Description of the task:
Your copy begins at the line with "Раскраска Цветы и" and runs through the end of the data below. Set down only those lines exactly, without pictures.

Information shown:
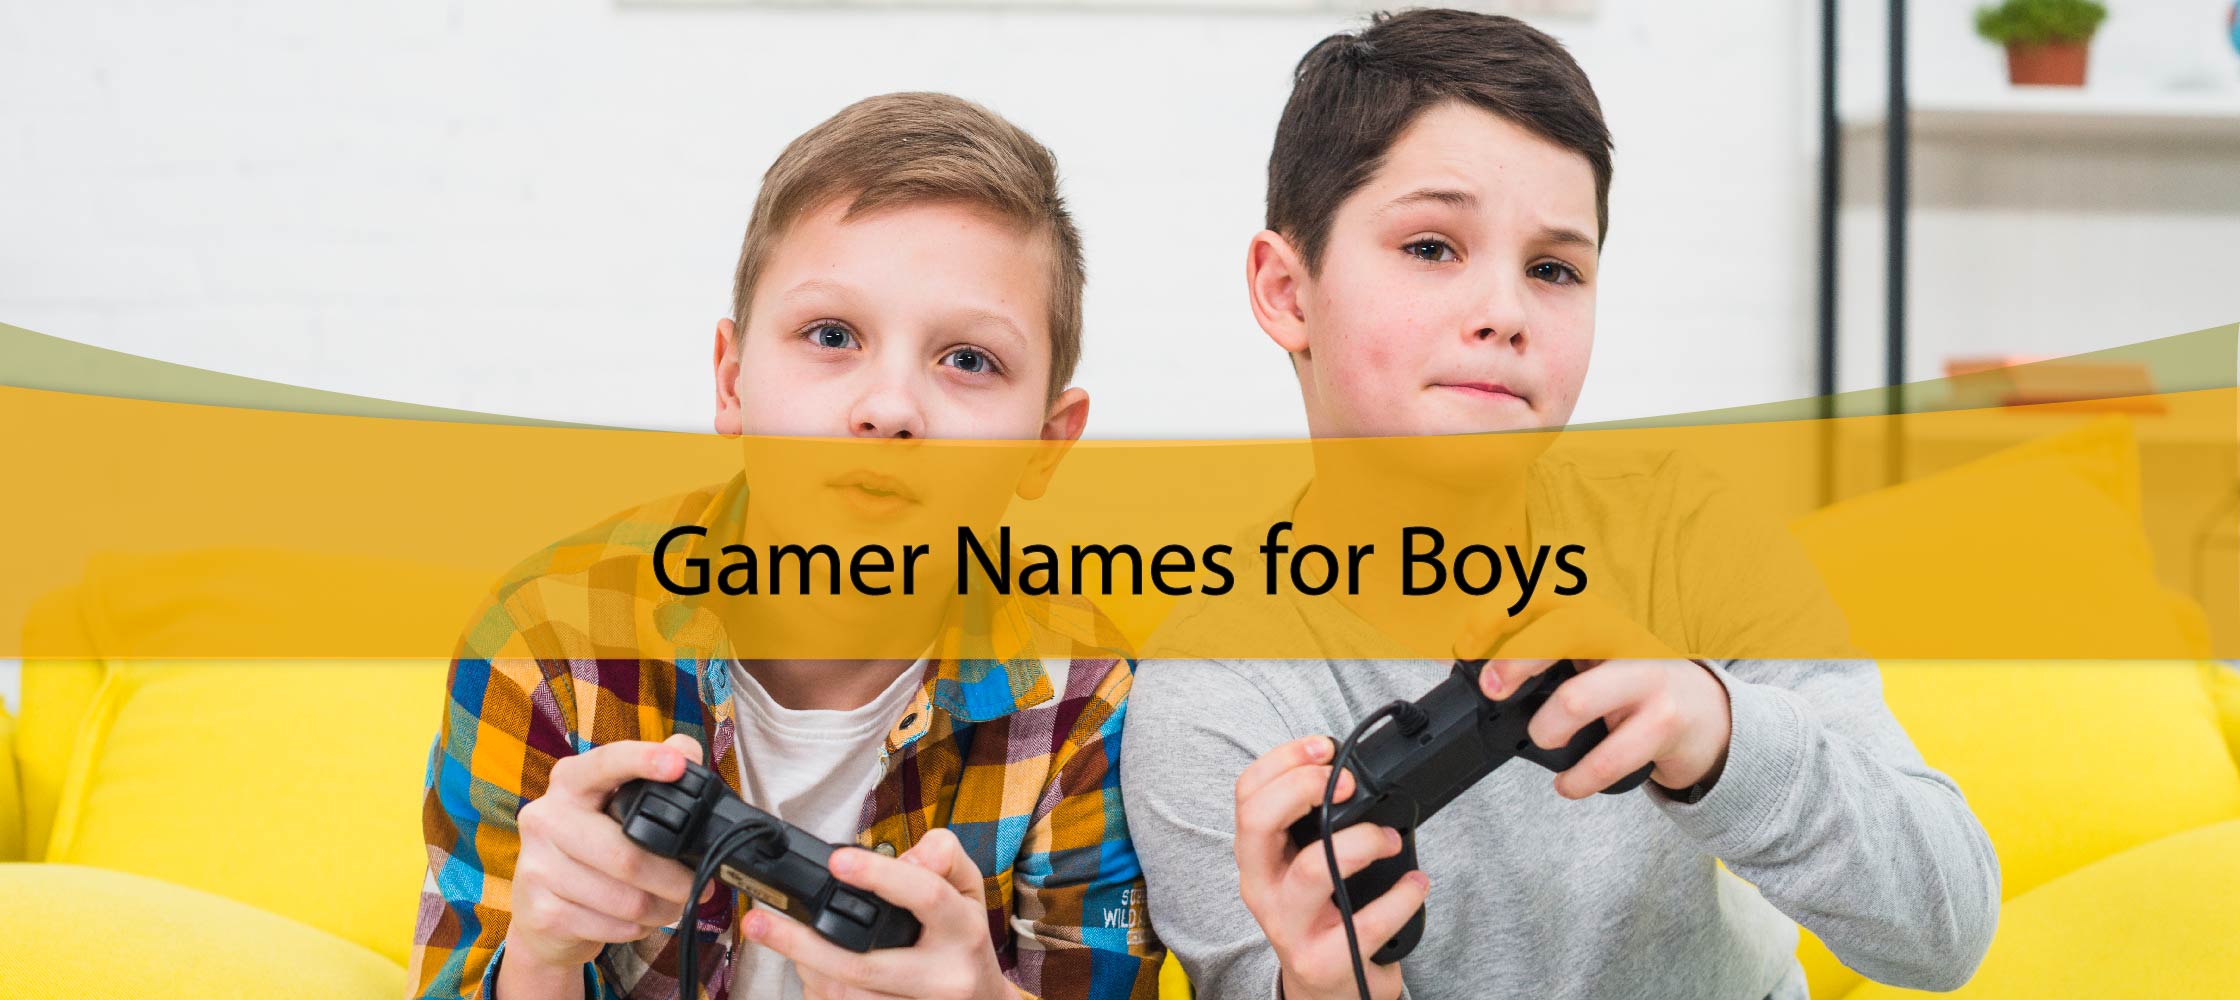 Gamer Names for Boys
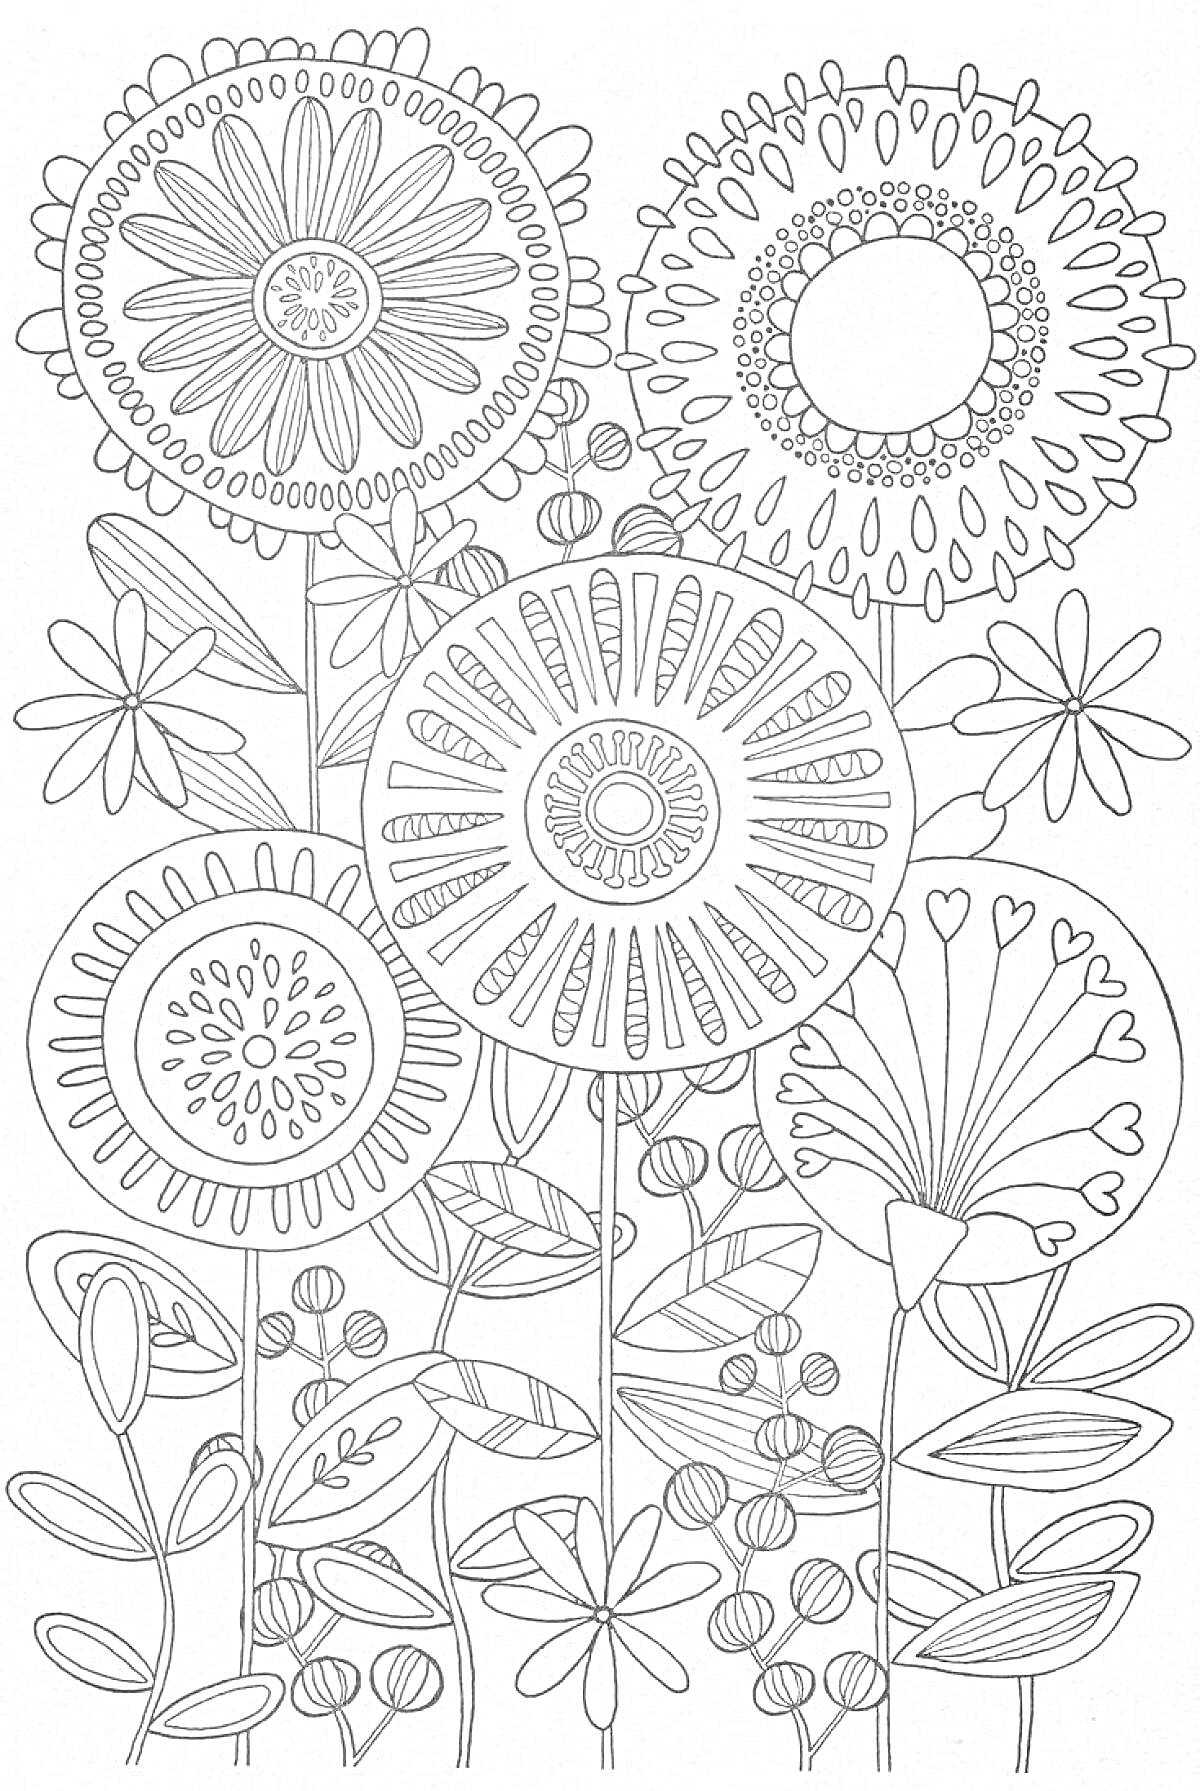 Раскраска Цветы и узоры антистресс: крупные цветы в центре, маленькие цветы по бокам, листья, ветки и абстрактные узоры
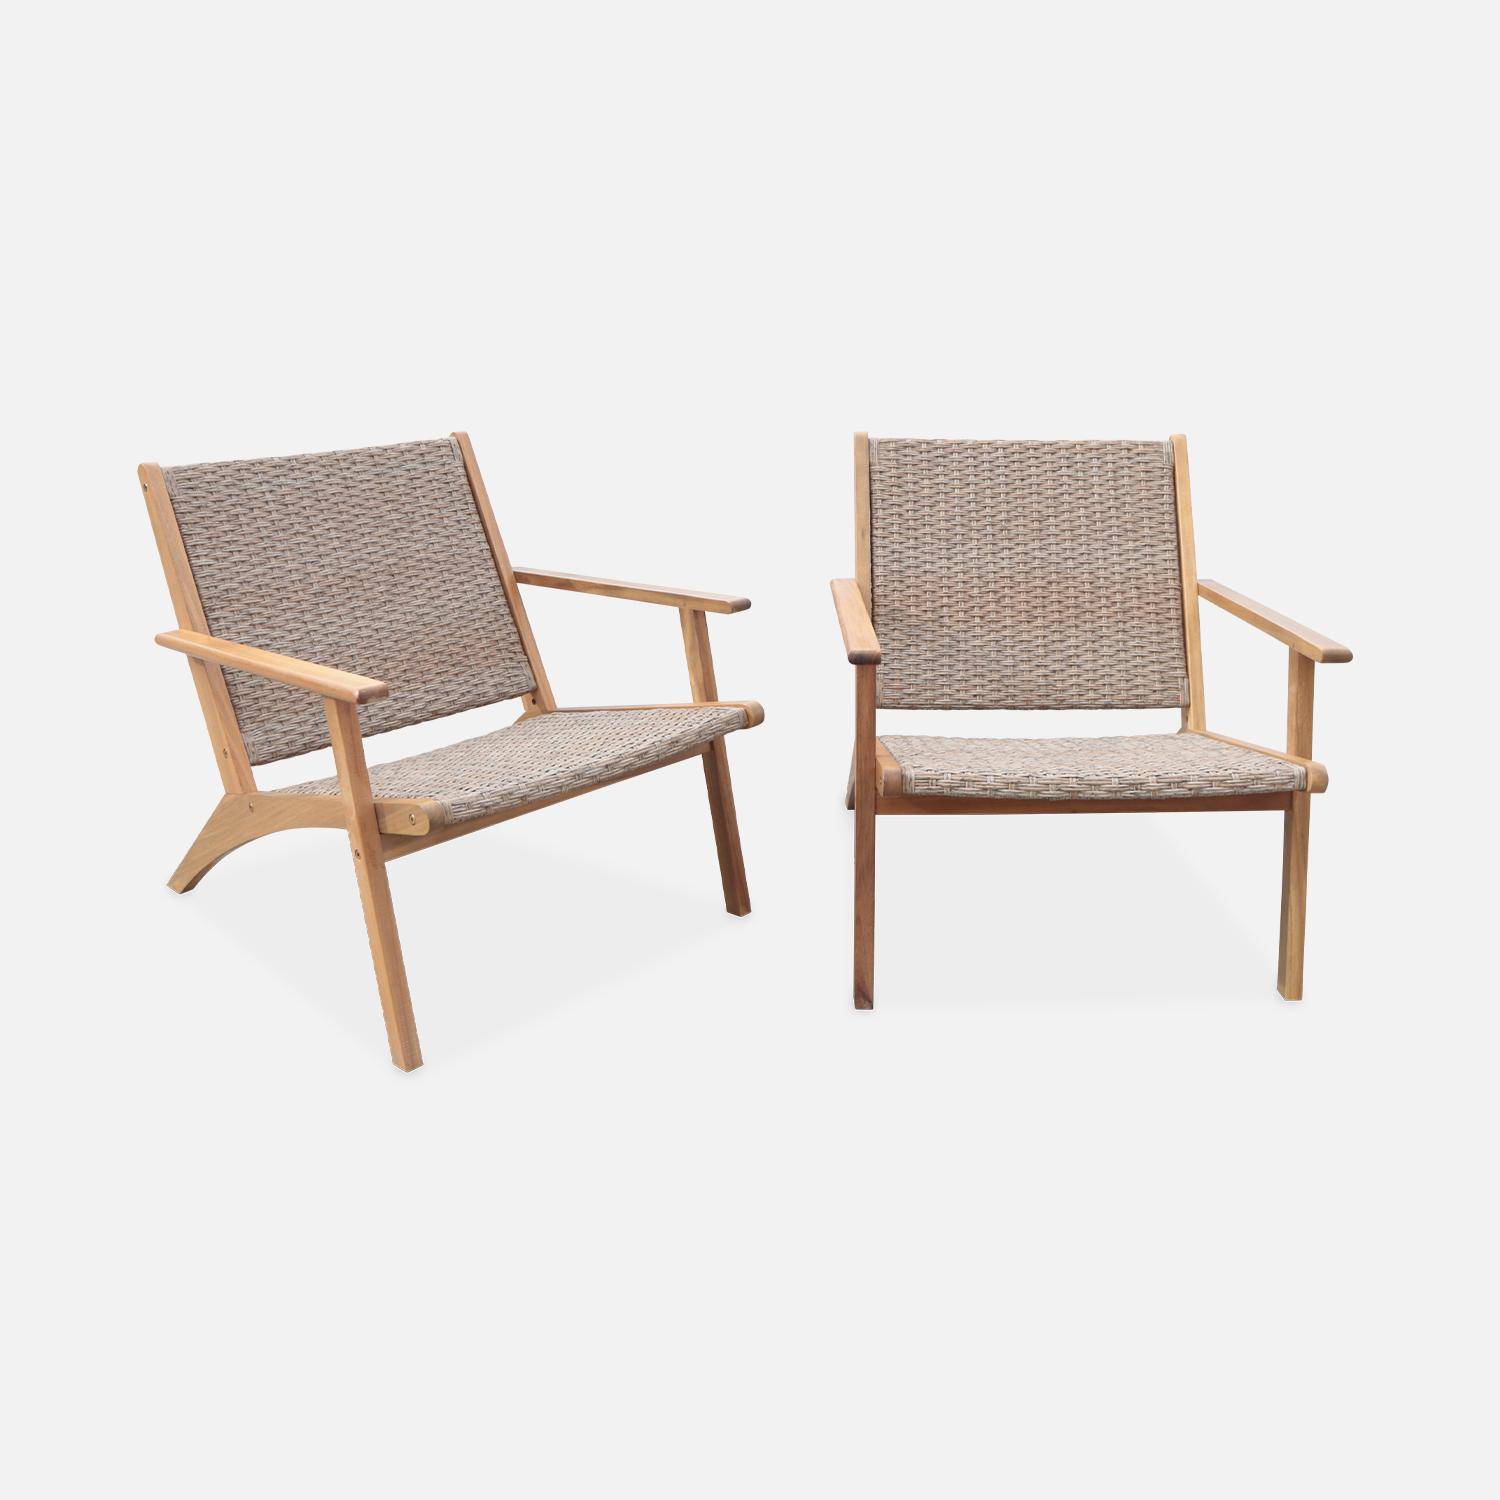 Lot de 2 fauteuils Belize en bois et résine, 62 x 78 x 67 cm Photo4

Answer:
 Раскраска Цветы и узоры антистресс: крупные цветы в центре, маленькие цветы по бокам, листья, ветки и абстрактные узоры
 Lot de 2 fauteuils Belize en bois et résine, 62 x 78 x 67 cm Photo4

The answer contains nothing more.